The study design had several limitations. First, the generalizability of the study findings to other contexts was limited by the current uniqueness of Vitality and the HF program, as well as the limited demographic information available on participants. While we had no information on participants’ income, a likely contributor to their sensitivity to financial incentives and penalties, we do know that, in South Africa, having private insurance, like Discovery Vitality, is associated with higher income, suggesting this population may be relatively cost insensitive. Second, the weekly text messages only reflected participants’ shopping at the selected grocer. Members likely shopped at multiple stores or only purchased certain foods at certain stores. Given this, the weekly text messages may not have accurately described their shopping behaviors, thereby diminishing the potential impact of this personalized feedback. Third, the classification of foods as healthy, unhealthy, and neutral is an inherently noisy signal in this context for many reasons. While healthy foods are labeled on store shelves, unhealthy foods are not, limiting participants’ ability to actively avoid them. Further, there are no clear guidelines regarding the ideal make up of a grocery cart (i.e., what is the ideal percent healthy and unhealthy?) and no data on what a “normal” percent healthy basket is for different populations (i.e., were enrolled participants already at the high end of basket healthiness?). Fourth, the incentive structure changes, particularly the 10 + 15%NET, may have been confusing for participants or entirely missed by participants, limiting any effect of these changes on participants’ food purchasing behaviors. Unfortunately, we were not able to assess members’ awareness or understanding of any changes to their benefit design. Fifth, we were unable to determine if the weekly and monthly text messages were opened and read by participants.

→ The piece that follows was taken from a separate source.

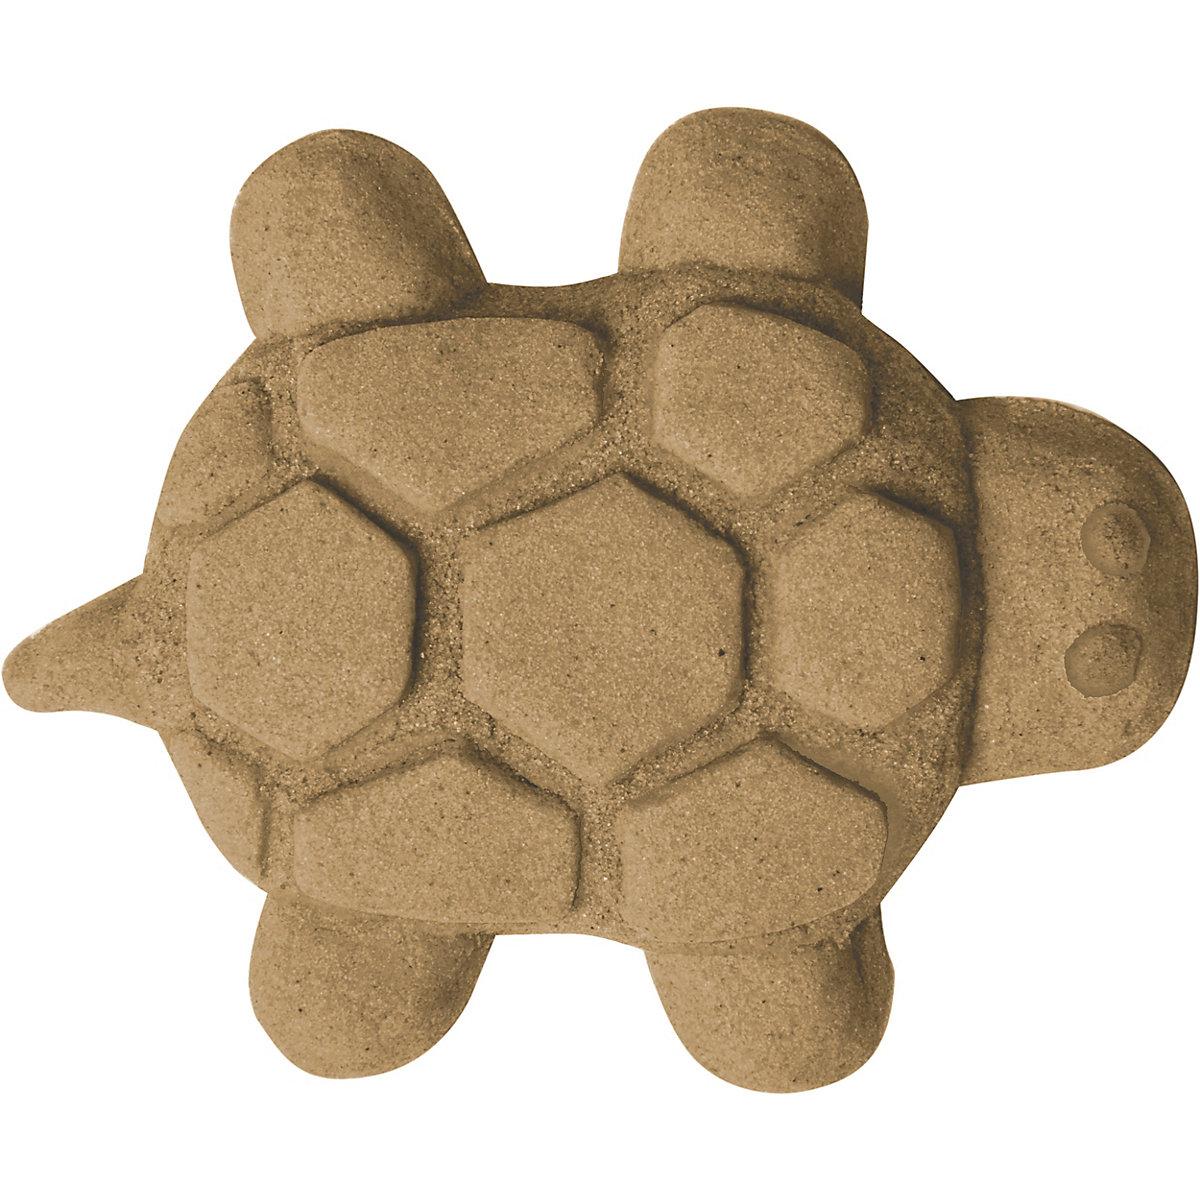 Kinetic Sand braun 907 g Beutel Kinetic Sand 6ax4p

The study design reveals how existing programs can become laboratories to study approaches to improve health. This study was conducted in the same setting in which interventions would be potentially be implemented. And, while this pragmatic design led to some unexpected challenges (e.g., delay in start of the Full Intervention, protocol deviation during recruitment that reduced sample size and limited statistical power) and made certain design features unfeasible (e.g., immediate feedback on shopping, cash back below 10%), it also offered the chance to assess evidence-based interventions in a real-world setting.

Conclusions

The results of this RCT suggest that merely changing the amount of a delayed financial incentive or introducing a small financial penalty for unhealthy food choices are insufficient when trying to shift food purchasing behaviors among “low utilizing” members of a healthy food promotion program. While it is possible that improving peoples’ dietary habits merely requires larger and more immediate financial benefits or consequences or better messaging, it is more likely that this complex, diverse, multi-dimensional problem requires equally multi-dimensional and tailored solutions. The United Kingdom Behavioral Insights team’s EAST framework emphasizes that interventions to change behaviors need to be easy, attractive, social, and timely [27]. Building on this framework and expanding beyond financially-centered motivators, effective interventions to promote healthier diets may require a combination of creative strategies, including changing default options (e.g., a default healthy basket for online grocery shoppers), creating choice architecture environments that support healthier choices (e.g., more salient in-store signage and displays), leveraging intrinsic motivators (e.g., aligning HF incentives with participant’s own goals), and utilizing technology-based tools (e.g., new Vitality app that allows users to scan foods and quickly identify healthier alternatives). Given the importance of a healthy diet for chronic disease prevention and management, innovative strategies to support optimal food choices at the point of purchase will remain a focus for health behavior change researchers and public health practitioners. Partnerships with food retailers and insurers hold great potential to offer real-world opportunities for implementing and evaluating these novel strategies.